Since 2000, the CCRLE has been involved in the European eHealth program. With SimBio, a toolset has been developed that enabled the use of actual scan data from patients to build a numerical model of required body parts as the basis for further simulation to support the diagnosis. In 2002, a second toolset, GEMSS (Grid enabled medical simulation services) was developed to provide a framework for a doctor's interface, a secure workflow and service allocation capabilities towards a future set of service based eHealth applications.

This know-how was brought into the new EU project @neurist (http://www.aneurist.org/), which was started this year and is one of the flagship projects in eHealth, bringing together about 30 partners. CCRLE is involved in key parts of the Grid infrastructure and the simulation tool chain.

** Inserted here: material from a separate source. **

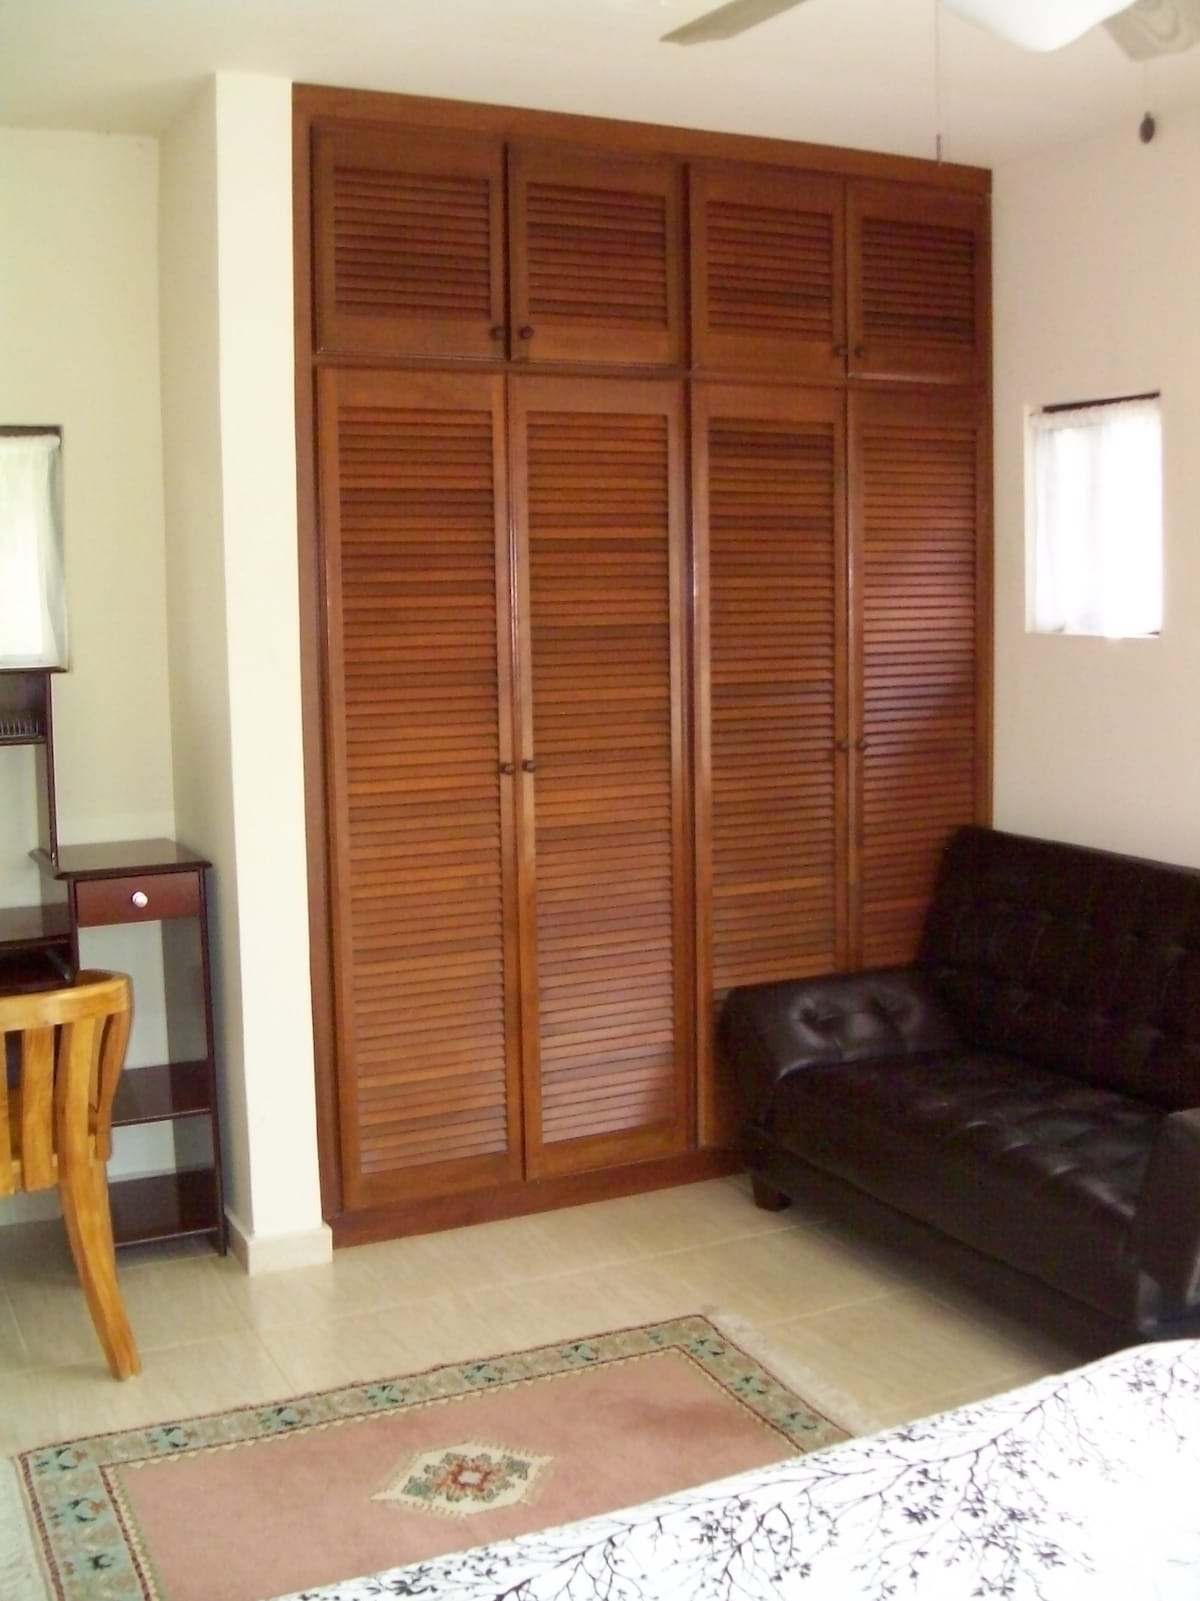 Hardwood louvered doors (closet area) and sitting area

Operating on the brain is very risky. Therefore one would like to have some reliable means to decide on its necessity. Simulation comes to the rescue. Understanding aneurysms involves biomechanics (both haemodynamics — the flow of the blood — and structural mechanics — the deformation of the vessel wall), biology (the properties and behaviour of the substances and materials) and micro mechanics (the interaction between structures in the blood and the vessel's wall). This highly complex environment requires a large amount of compute power both to be able to make reliable predictions on the stability of the aneurysm as well as determine the effects on flow patterns and pressure distributions caused by inserting supports (stents) into the artery. The idea is to have the blood stagnate within the aneurysm so that it has time to clot and fill the void, making a rupture of the artery impossible. In terms of computational fluid dynamics, this is a complex flow fluid-structure interaction with chemical/biological processes on a variety of time-scales.

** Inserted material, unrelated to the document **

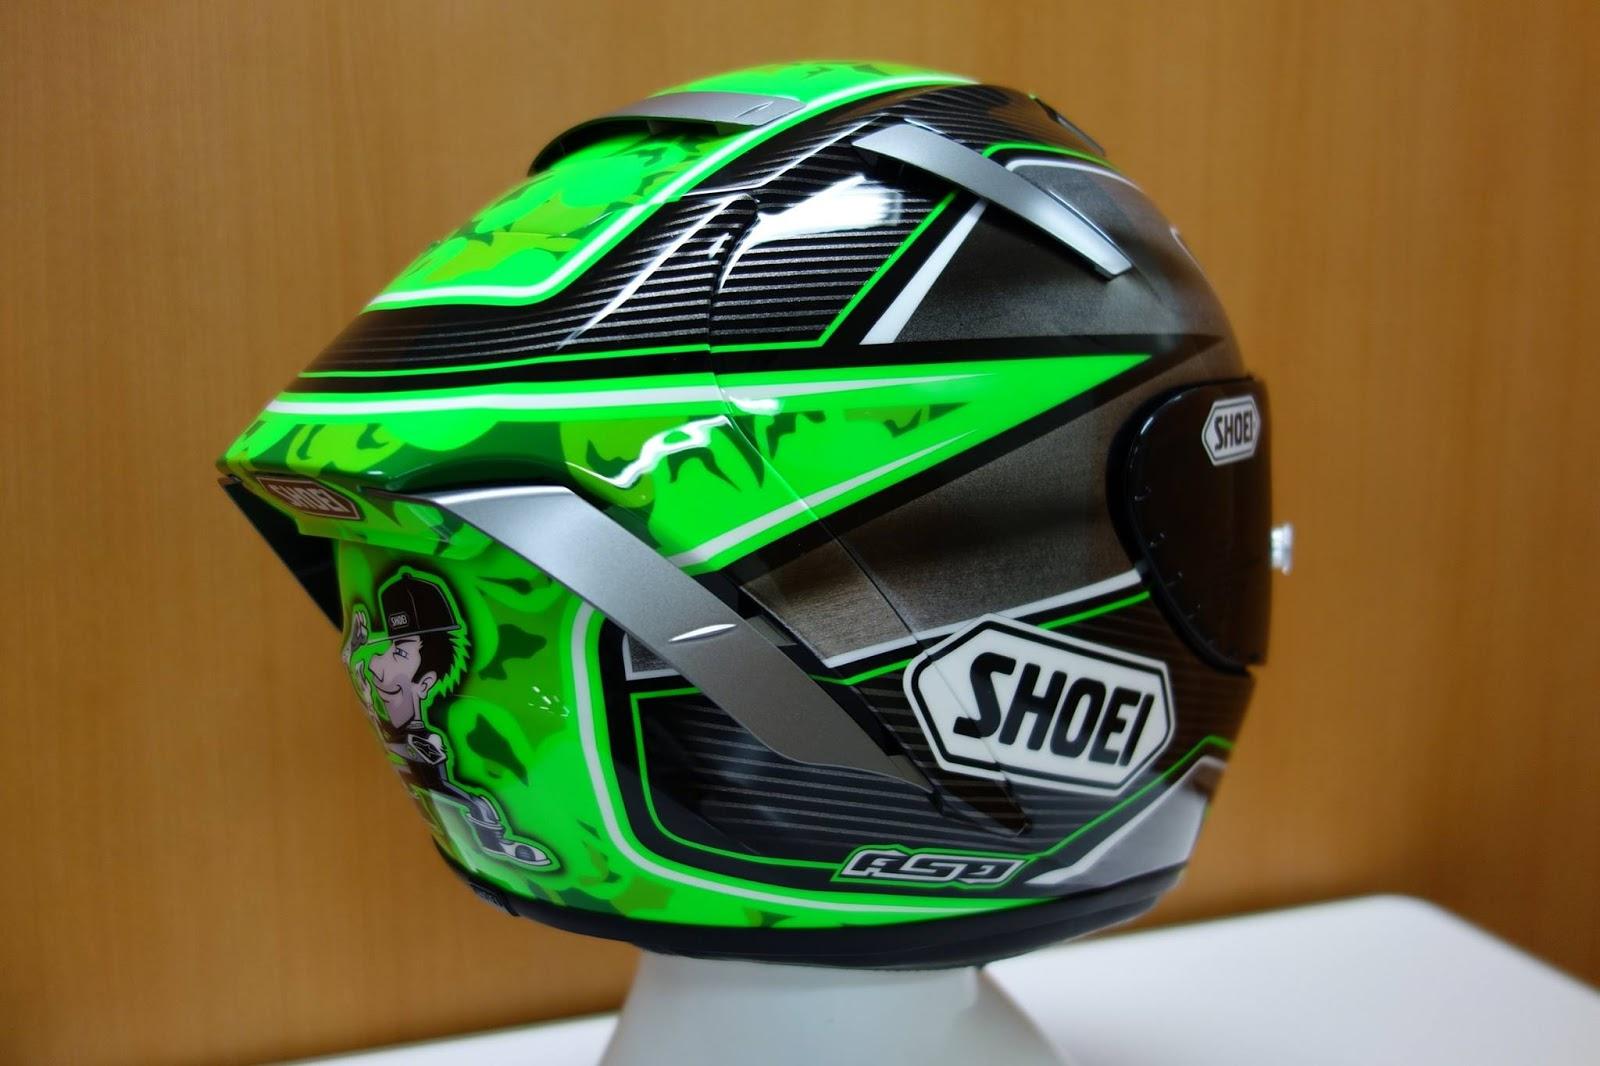 Racing Helmets Garage: Shoei X-Spirit III E.Laverty 2016 by ASD - painted by Shoei

Using the NEC SX-8 of Stuttgart's High Performance Compute Centre, the CCRLE in collaboration with the University of Sheffield succeeded in modelling the flow in such a complicated environment while also allowing for blood clotting effects. The modelling was based on the Lattice-Boltzmann method (see e.g., http://www.science.uva.nl/research/scs/projects/lbm_web/lbm.html). Also, the first results on the effectiveness of different stent designs in redirecting the blood flow were achieved by research coordinated by the University Hospital of Geneva. These results will be taken further in another EU research project NEC is involved in, called COAST, where the effects of such devices for treating coronary artery diseases, including blood clotting and drug transport, will be simulated based on a hierarchical aggregation of coupled cellular automata.

With the availability of high performance computers within a Grid environment, the medical sector is now able to add simulation to visualisation — a step that the general industry had already taken decades ago.